Henry issued an order, called a "device", in 1539, giving instructions for the "defence of the realm in time of invasion" and the construction of forts along the English coastline. Under this programme of work the River Thames was protected by a mutually reinforcing network of blockhouses at Gravesend, Milton, and Higham on the south side of the river, and Tilbury and East Tilbury on the opposite bank.

The fortifications were strategically placed. London and the newly constructed royal dockyards of Deptford and Woolwich were vulnerable to seaborne attacks arriving up the Thames estuary, which was then a major maritime route; 80 percent of England's exports passed through it. The village of Milton and the adjacent town of Gravesend, only 500 m apart, formed a particularly important communications point along the river. They formed the centre of the "Long Ferry" traffic of passengers into the capital, and for the "Cross Ferry" over the river to Tilbury, resulting in the local riverbank becoming lined with wharfs. This was also the first point that an invasion force would be able to easily disembark along the Thames, as before this point the mudflats along the sides of the estuary would have made landings difficult.

==Construction==
Milton Blockhouse was designed by the Clerk of the King's Works, James Nedeham, and the Master of Ordnance, Christopher Morice, with Robert Lorde serving as the paymaster for the project and Lionel Martin, John Ganyn and Mr Travers acting as the local overseers. The fort was built on Chapel Field, which the Crown bought, along with the land for Gravesend Blockhouse, from William Burston for £66; the field had previously been part of Milton Chantry, dissolved by Henry VIII during the Reformation. (Note: Comparing 16th century costs and prices with those of the modern period is challenging. £66 in 1539 could be equivalent to between £37,200 and £16,940,000 in 2014 terms, depending on the price comparison used, and £1,072 in 1546 to between £403,800 and £184,200,000. For comparison, the total royal expenditure on all the Device Forts across England between 1539–47 came to £376,500, with St Mawes, for example, costing £5,018, and Sandgate £5,584.) The work was quickly completed, and by 1540 the blockhouse was in operation and equipped with 30 artillery guns, 6 handguns and various pikes and longbows. Initially commanded by Captain Sir Edward Cobham, it had a small garrison of 12 men, including a second in command, a porter, three soldiers and seven gunners; these men would have been supported by reinforcements if the fort had ever come under attack.

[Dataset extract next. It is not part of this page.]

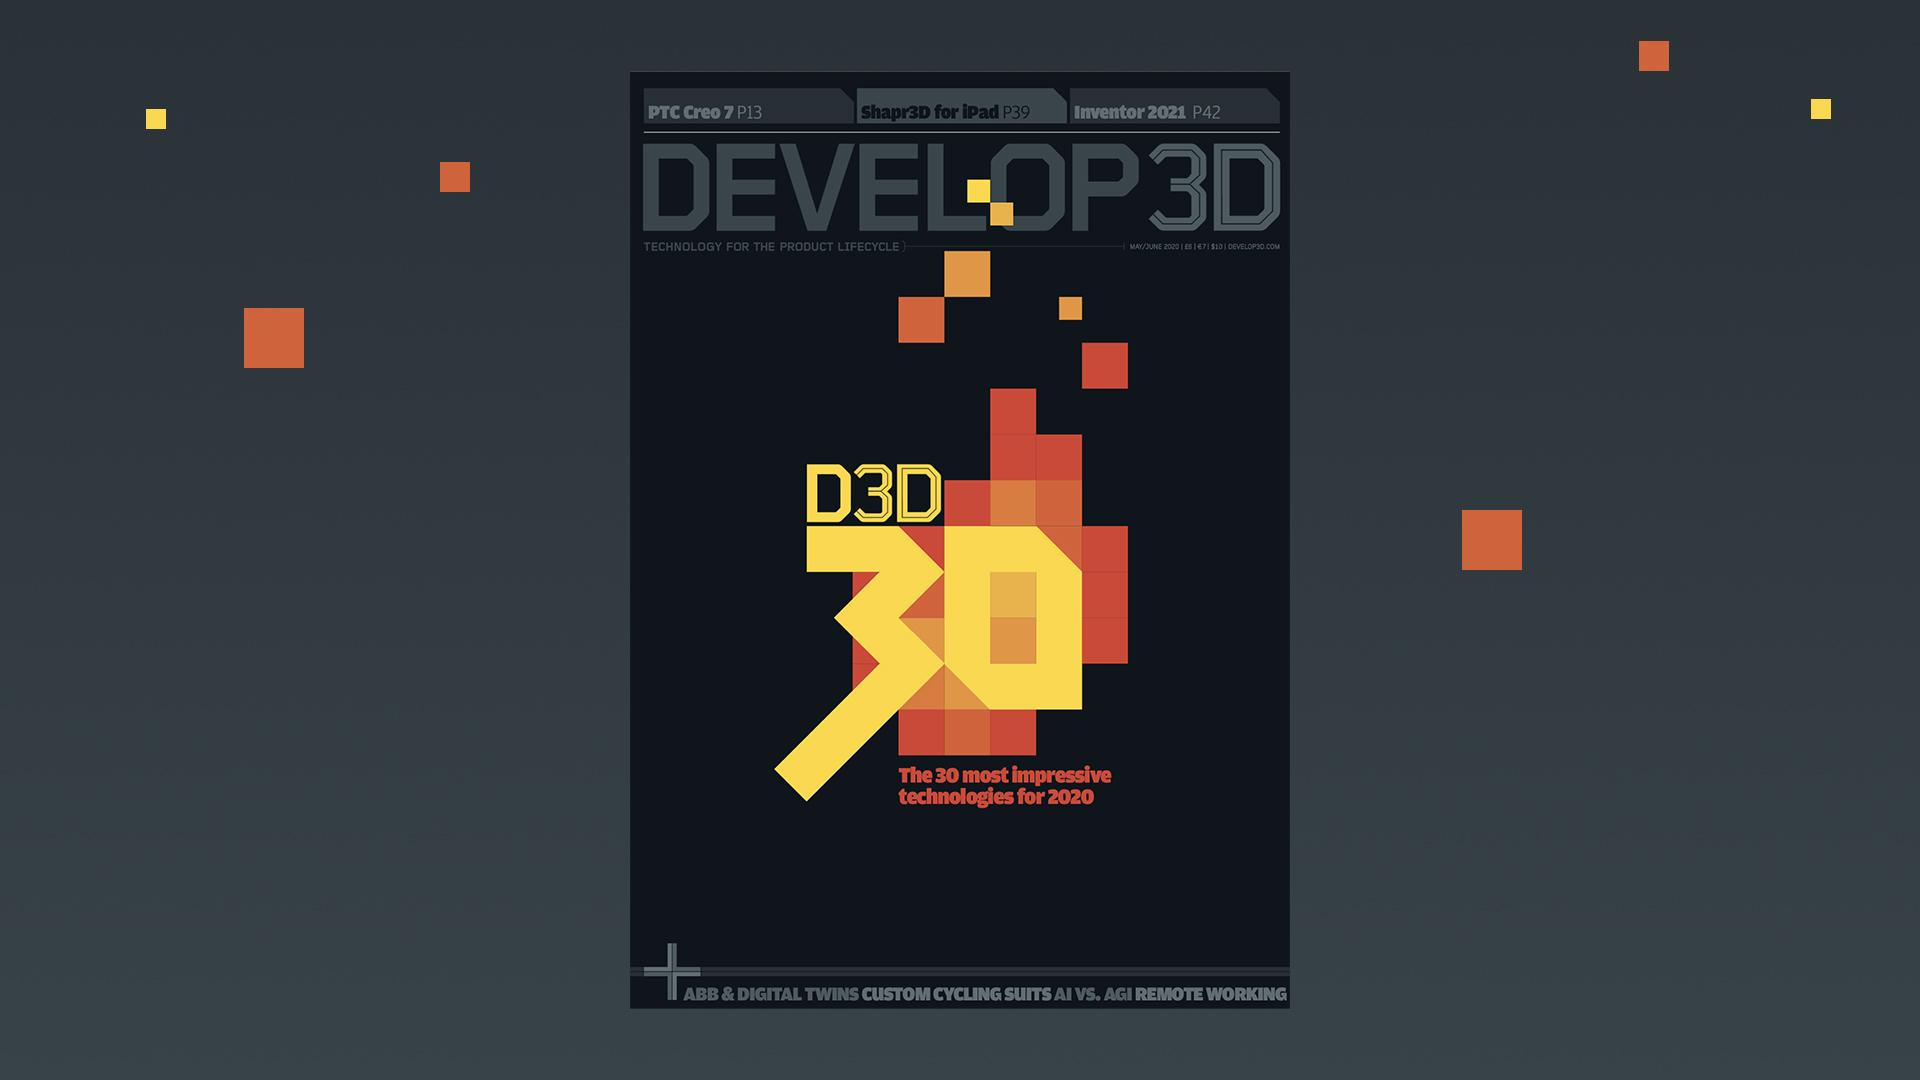 D3D 30 2020 list technologies MAIN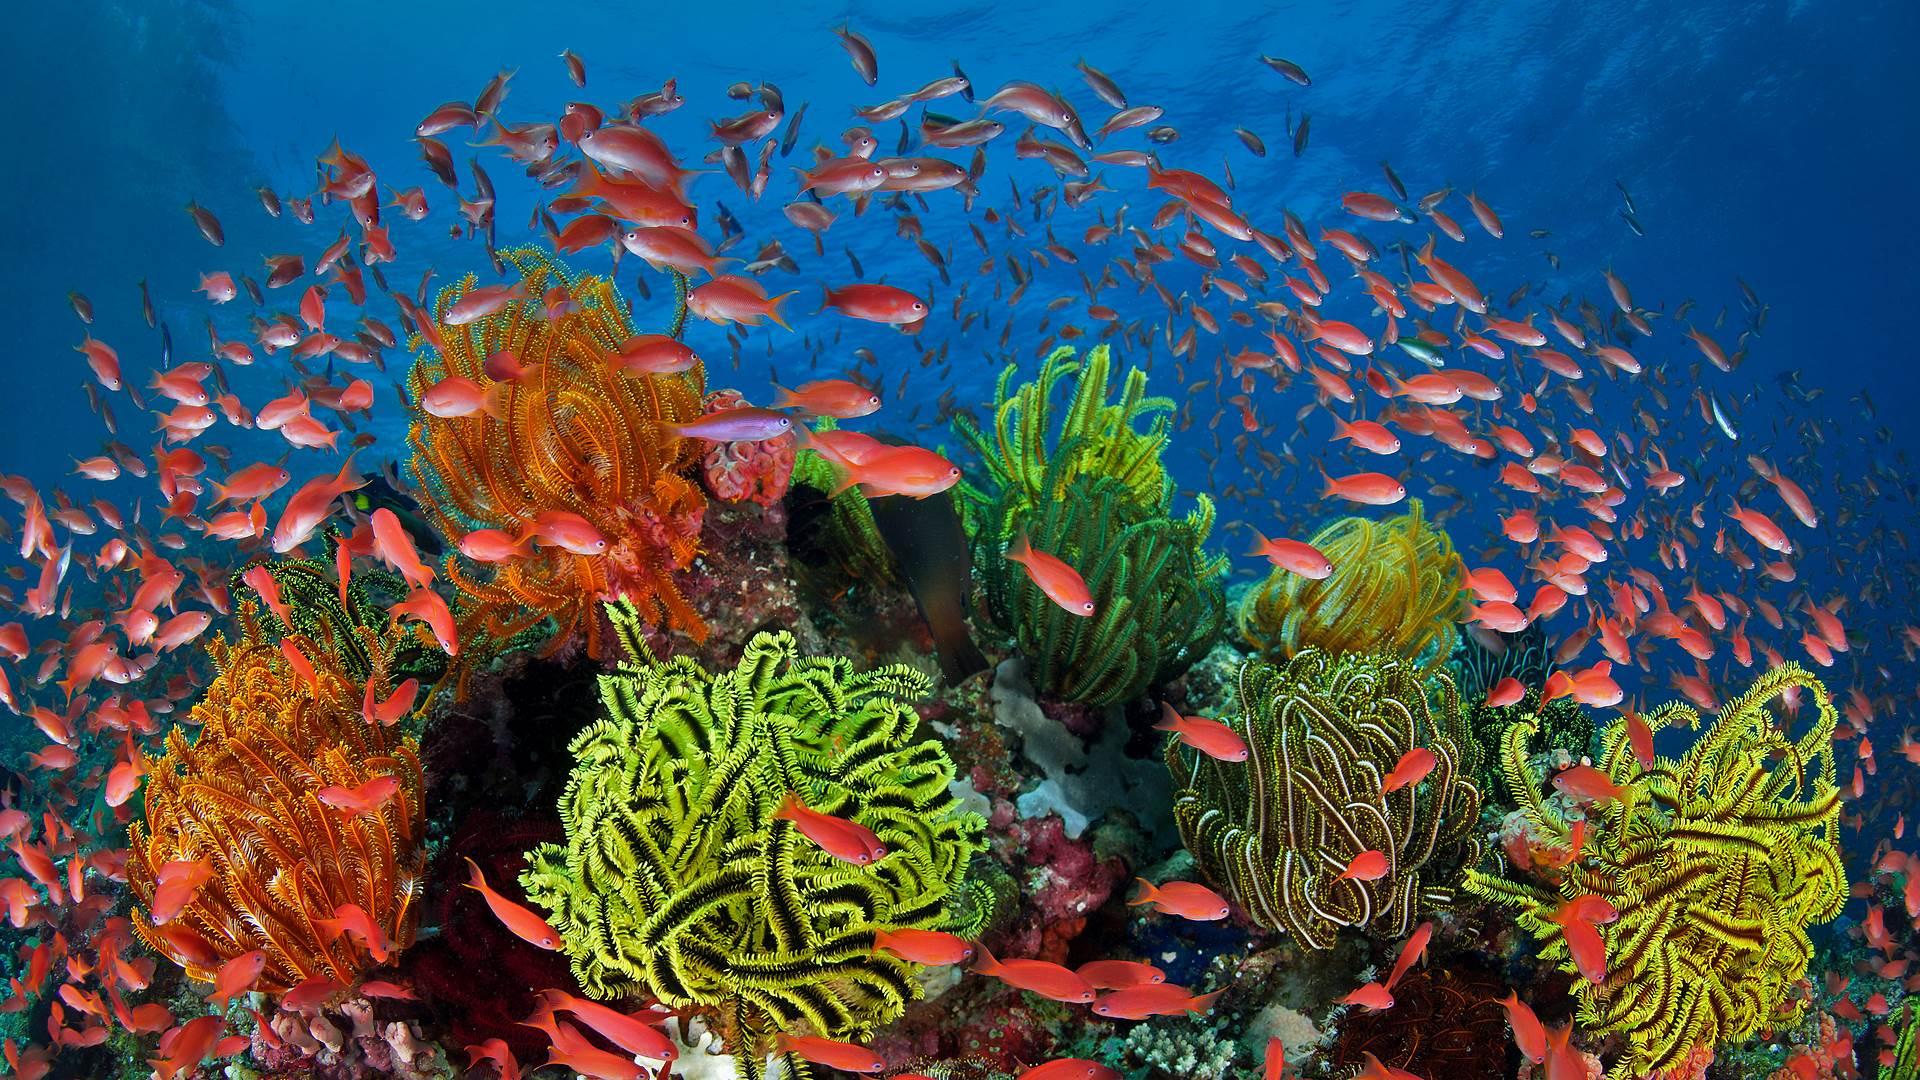 珊瑚礁周围的丝鳍拟花鮨鱼群,澳大利亚昆士兰大堡礁

Fresh fears of invasion after 1544 prompted further work being carried out on the blockhouse by Sir Richard Lee, a prominent military engineer, although peace was declared the following year. It is uncertain exactly what shape the fort took; archaeological investigations suggest that it was probably D-shaped, two storeys tall, with a circular bastion facing the river; there would have been battery positions on either side of the main defences, and a more modern, angular bastion was added later on the landwards side. By 1546 the King's accountants estimated that £1,072 had been spent on building and developing the fortification.

==Destruction==
In 1553, orders were issued for the artillery pieces to be removed from the blockhouse and taken to the Tower of London; the fort was then demolished between 1557 and 1558, the brick and stone from the site being reused to repair the Tower. The former site was probably rediscovered during excavations in 1826, but was destroyed during the building of the Gravesend Canal Basin, Canal Road and the Gordon Pleasure Gardens later in the 19th century. Archaeological investigations between 1973 and 1978 uncovered the foundations of the blockhouse, now protected under UK law as a scheduled monument.

==See also==
- Castles in Great Britain and Ireland
- List of castles in England

==Bibliography==

- Biddle, Martin (2001). "Henry VIII's Coastal Artillery Fort at Camber Castle, Rye, East Sussex: An Archaeological Structural and Historical Investigation"
- Hale, J. R. (1983). "Renaissance War Studies"
- Harrington, Peter (2007). "The Castles of Henry VIII"
- Kent Council (2004). "Gravesend – Kent, Archaeological Assessment Document"
- King, D. J. Cathcart (1991). "The Castle in England and Wales: An Interpretative History"
- Morley, B. M. (1976). "Henry VIII and the Development of Coastal Defence"
- Saunders, Andrew (1989). "Fortress Britain: Artillery Fortifications in the British Isles and Ireland"
- Smith, Victor T. C. (1974). "The Artillery Defences at Gravesend"
- Smith, Victor T. C. (1980). "The Milton Blockhouse, Gravesend: Research and Excavation"
- Thompson, M. W. (1987). "The Decline of the Castle"
- Walton, Steven A. (2010). "State Building Through Building for the State: Foreign and Domestic Expertise in Tudor Fortification"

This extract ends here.